На милое личико Туллии упала тень печали.
– Считаешь, я об этом не думаю, мне не тревожно? – призналась она. – Мы с Марком, конечно, никогда не были вместе долго, но теперь он не вернется в мирные Томы, а отправится на войну.
Придвинувшись ближе, Туллия обняла подругу, уронив голову ей на плечо, и Гликерия почувствовала, как сильно колотится сердце девушки, точно рвется выскочить из груди. Поддавшись накатившей вдруг нежности, она погладила ее по мягким, цвета золота волосам и вздохнула:
– Все будет хорошо, дорогая. Их защитят боги… и наша любовь.
ГЛАВА 2– А ты совсем не изменился, трибун. Разве что поджарился чуток под местным солнцем. – Кассий рассмеялся собственной шутке и опустил грубую солдатскую ладонь на рукоять гладия. – А знаешь, я рад, что Галл выбрал именно мою когорту. Засиделся я в Томах без настоящего дела. Да и мои ребята тоже.
Они стояли на площадке одной из башен Пантикапея, той, что примыкала к городским воротам, и наслаждались появившимся у них свободным временем. Гай Туллий Лукан все еще не верил своим глазам, наблюдая рядом с собой центуриона…
После полудня, к великой радости пантикапейцев, римские отряды все же сошли на берег, но сразу, в четком строю, проследовали через город к лагерю соотечественников.

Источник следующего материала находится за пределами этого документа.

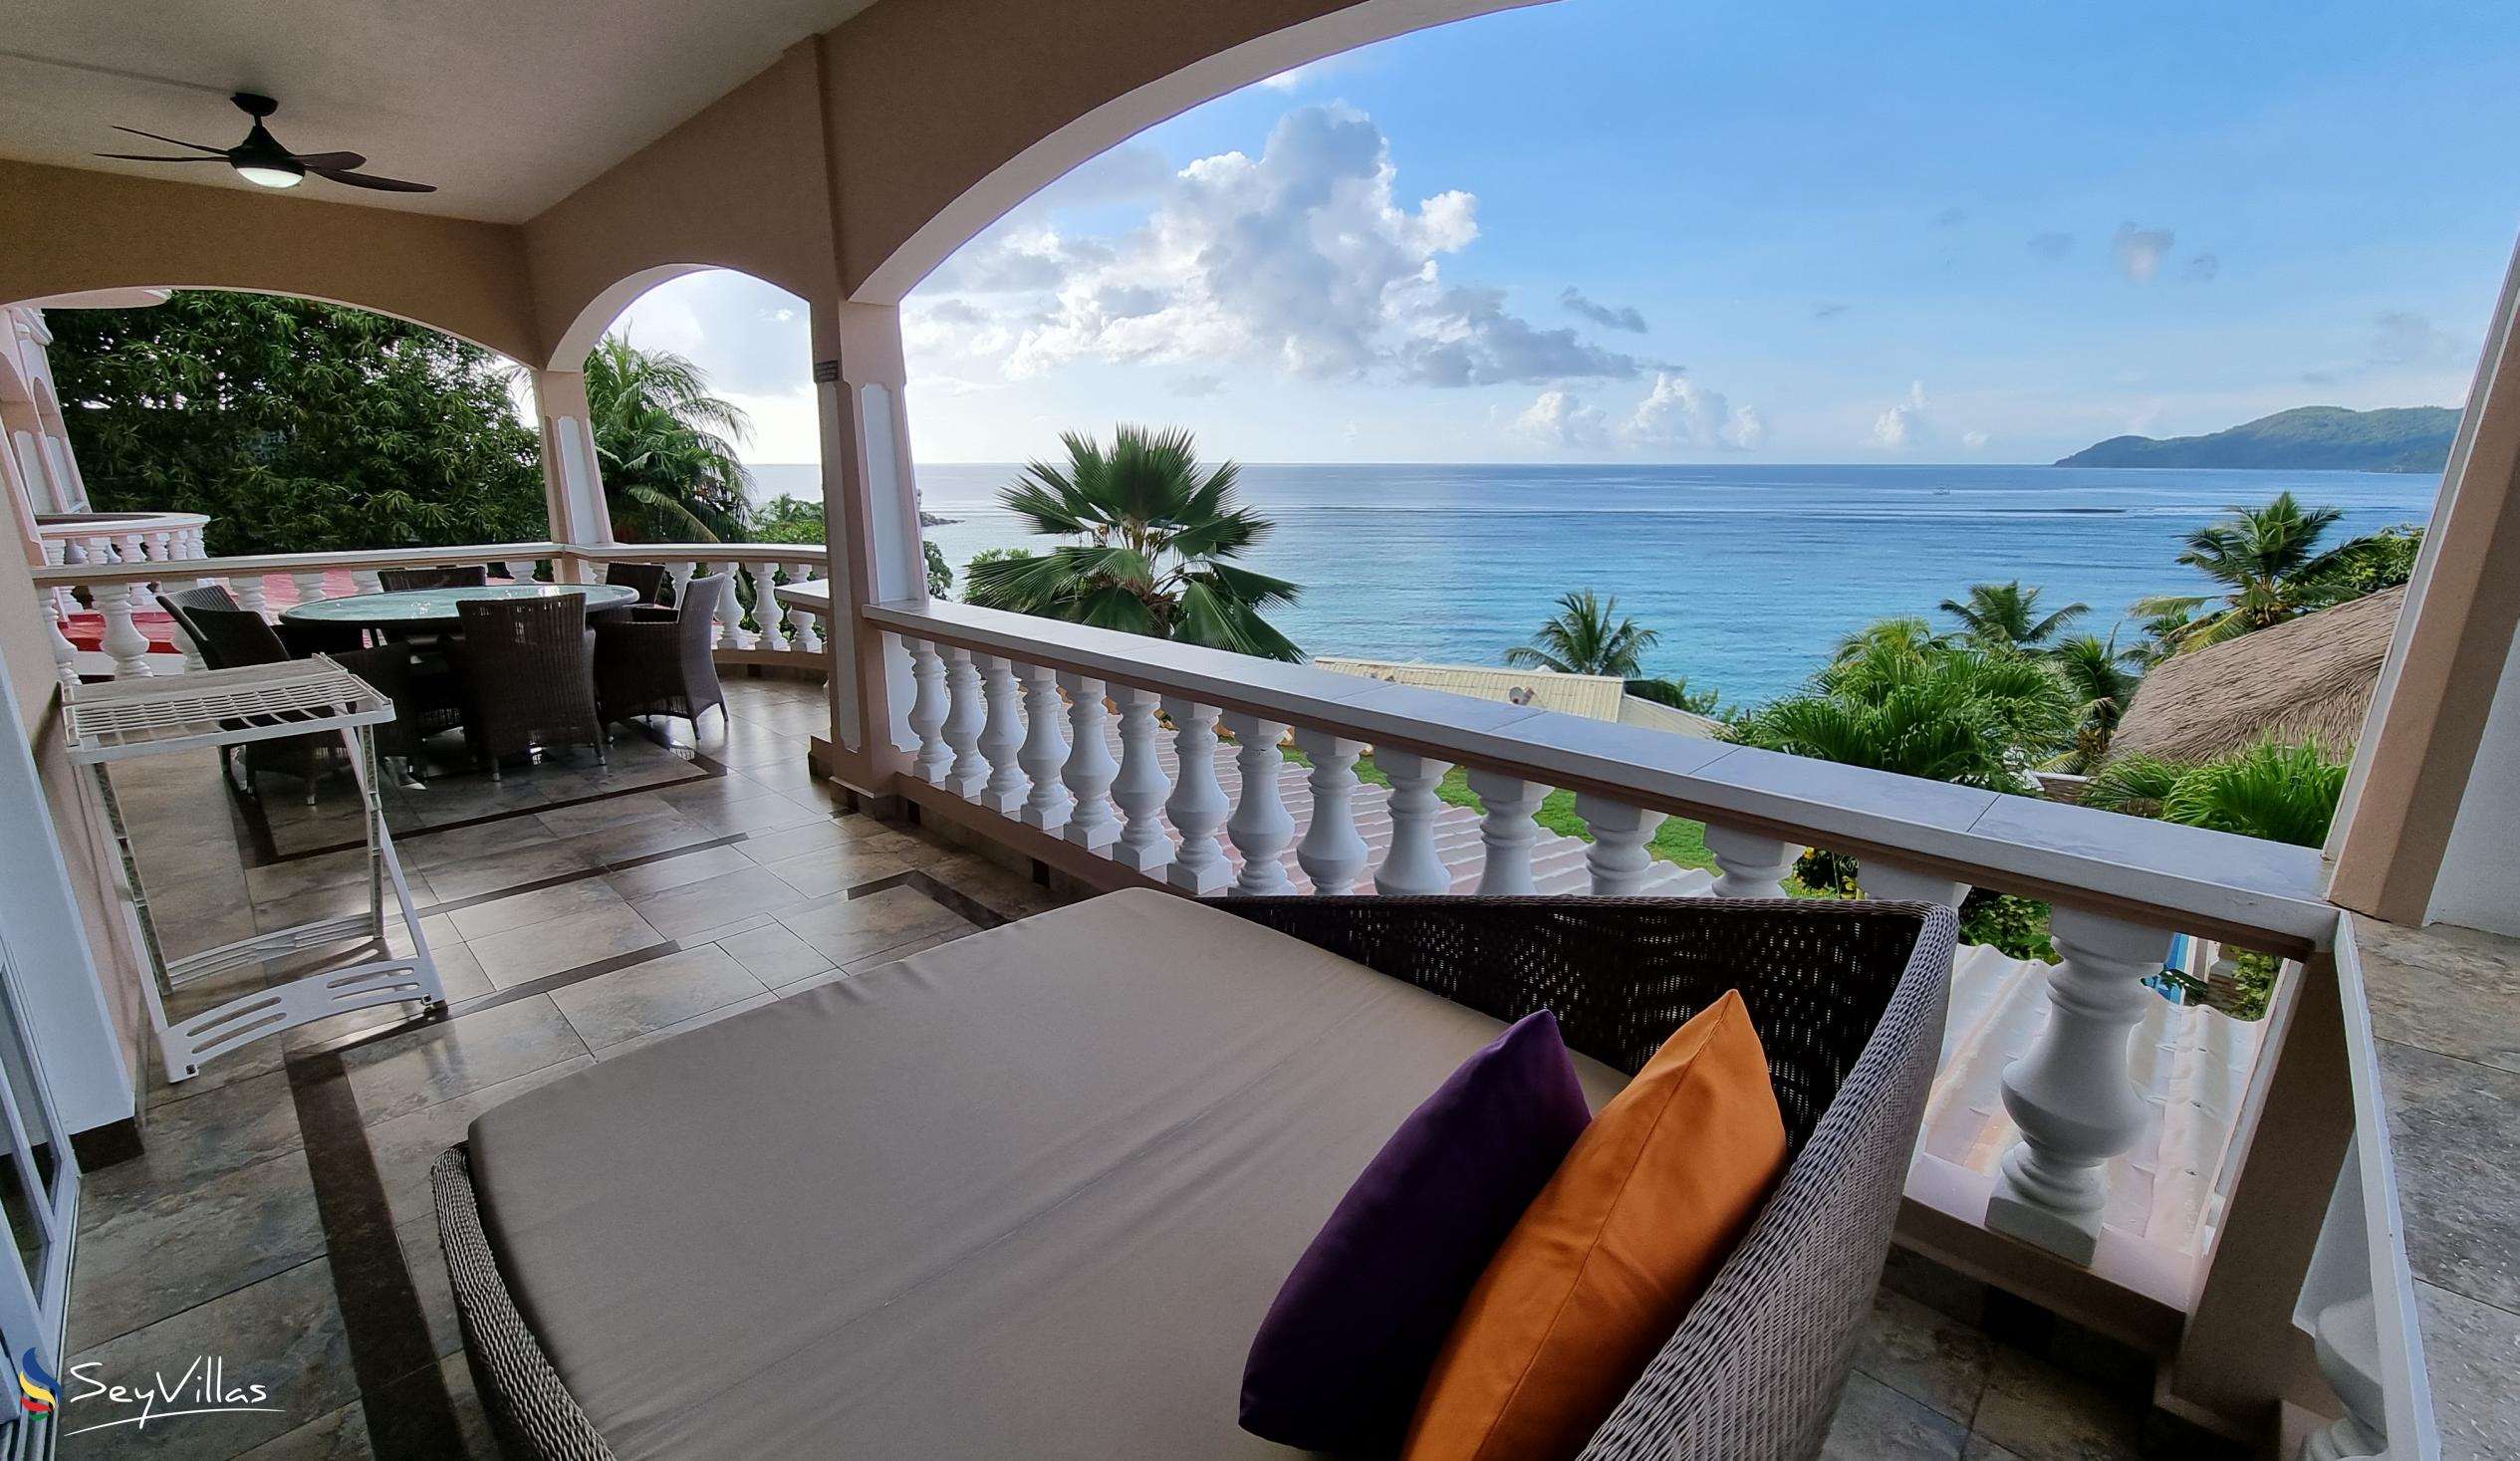 Foto 88: Au Fond de Mer View - Appartement 2 chambres avec vue sur la mer - Mahé (Seychelles)

Рядом с ним быстро выросли ряды белых, сверкающих на солнце палаток. До них было немногим больше мили, и фигурки обустраивающихся на новом месте людей напоминали Гаю копошащихся муравьев.
Две когорты ауксилариев и всего одна – легионеров. Именно столько пехоты высадилось с кораблей в гавани столицы. Галл посчитал, что и этого будет вполне достаточно, поскольку Котис значительно увеличил собственную армию, в которую помимо коренных боспорцев и наемников из Фракии вошли и те, кто перешел на его сторону из войска Митридата. Правда, Дидий Галл все-таки расщедрился на конницу, и ала из пятисот всадников под командой Марциала в это самое время заканчивала выгрузку в порту…
Лукан улыбнулся, вспомнив свое удивление, когда увидел в третьей лодке с флагштоком Кассия. Тот, казалось, совсем не изменился. Даже щетина на его неизменно суровом лице была все такой же огненно-рыжей.
– У тебя много новобранцев? – поинтересовался Гай.
– Почти половина, – помедлив, ответил центурион и тут же добавил: – Но всех их я лично обучал последние два года. Так что в бою они не подведут. В этом можешь быть уверен, трибун.
Лукан улыбнулся, и на какое-то время оба замолчали. Нахлынувшие воспоминания отнесли их к Пафению, месту последнего боя, где тяжелая кавалерия Митридата едва не растоптала римскую пехоту. Но более явно возникли картины сражения за боспорской стеной, когда они столкнулись с катафрактариями первый раз. Закованные в броню всадники, казалось, несли неотвратимую смерть; их длинные копья и мечи срезали солдат, как траву. Тогда Кассий потерял треть центурии, а Лукан, оттягивая силы противника на себя, – более половины своих людей. Та битва была особенно жестокой, и полученная в ней рана едва не стоила Гаю жизни. Но именно благодаря этому ранению он попал в заботливые руки своей будущей жены Гликерии, как потом выяснилось, двоюродной сестры нового царя Боспора Котиса.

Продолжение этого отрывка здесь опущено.